Container App health probes provide automated detection of unresponsive or crashed agents:

// infra/apps/chat-api/main.bicep — liveness probes
healthProbes: [
  {
    type: 'Liveness'
    httpGet: {
      port: 8080
      path: '/healthz/liveness'
    }
    initialDelaySeconds: 15
    periodSeconds: 30
    failureThreshold: 3
    timeoutSeconds: 1
  }
]

Some key points here:

• Tool call audit trail — every assistant response records which tools were called and when, providing the raw data for anomaly detection
• Structured logging — session IDs, role, and tool counts in structured format enable Log Analytics queries across all sessions
• Health probes — liveness probes detect crashed or unresponsive containers and restart them after 3 consecutive failures
• Dual-layer telemetry — OpenTelemetry traces and Cosmos DB diagnostic logs provide independent views of agent behavior

What's missing is automated behavioral alerting. Setting up Azure Monitor alerts on key metrics would turn passive logging into active detection:

// Recommended: KQL alert for rogue agent indicators
// Flag sessions with excessive tool calls per turn
AppLogs
| where Message contains "tool calls"
| parse Message with * "(" ToolCount:int " tool calls)"
| where ToolCount > 5  // Normal is 1-3; > 5 is suspicious, > 10 almost certainly rogue
| project TimeGenerated, SessionId = extract("session ([a-f0-9]+)", 1, Message), ToolCount

// Alert when tool call error rate spikes
AppRequests
| where TimeGenerated > ago(5m)
| summarize TotalCalls = count(), FailedCalls = countif(ResultCode >= 400) by bin(TimeGenerated, 1m)
| where FailedCalls * 1.0 / TotalCalls > 0.5

There's also no watchdog agent. For a multi-agent production system, you'd deploy an independent watchdog agent that samples peer agent outputs and validates them against expected patterns; detecting collusion (multiple agents producing coordinated false outputs) or stealth drift (gradual behavioral changes that wouldn't trigger per-message alerts). Since Biotrackr is a single-agent system, the conversation audit trail and Log Analytics provide reasonable detection capability.

Containment and Response

"Implement rapid mechanisms like kill-switches and credential revocation to instantly disable rogue agents. Quarantine suspicious agents in sandboxed environments for forensic review."

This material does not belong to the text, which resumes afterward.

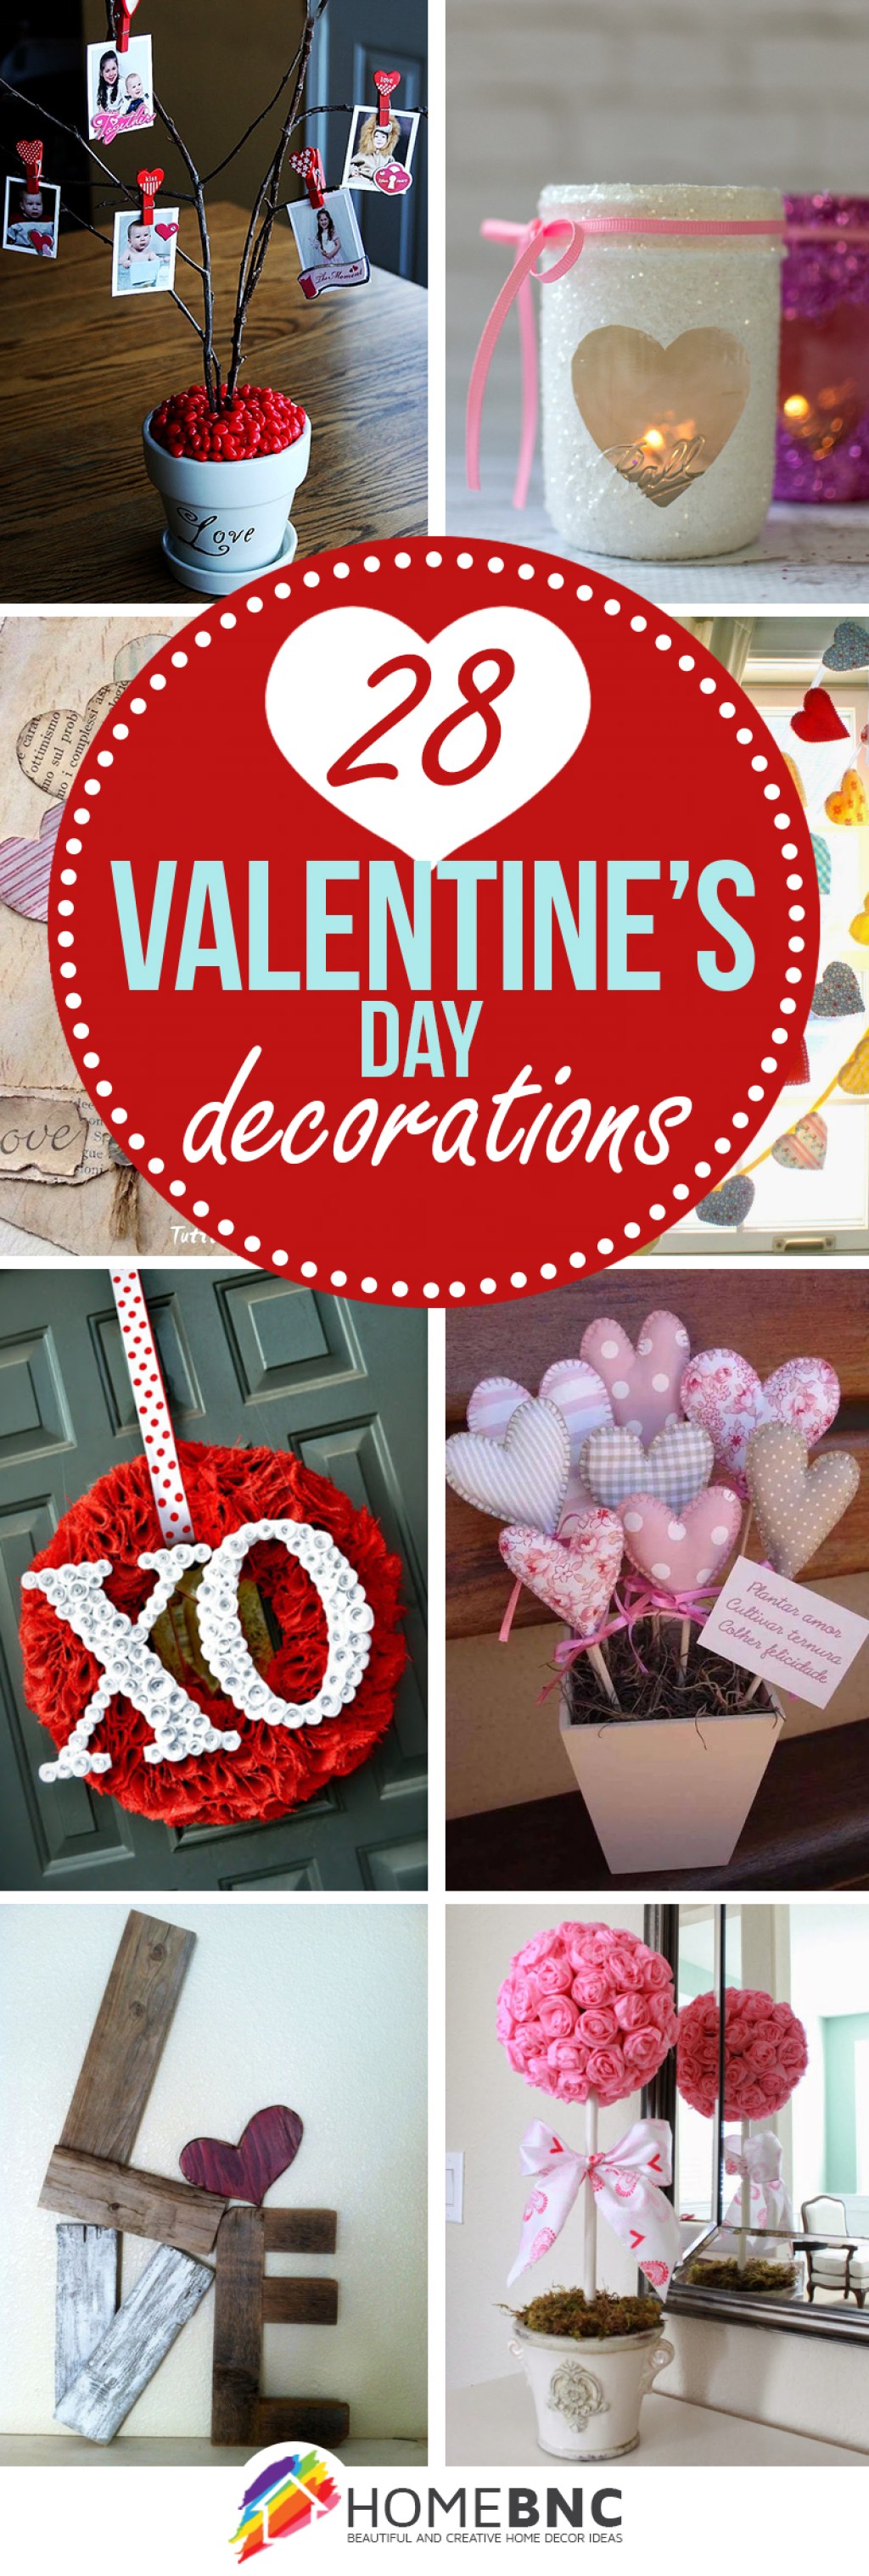 creative romantic decorations - Best Valentine

When you detect rogue behaviour, the priority is speed of containment. Every second the agent continues operating is another conversation potentially corrupted, another batch of tokens wasted, or another piece of misleading health analysis delivered.

Biotrackr implements a kill switch through Entra Agent ID that can revoke all agent access in seconds without redeployment.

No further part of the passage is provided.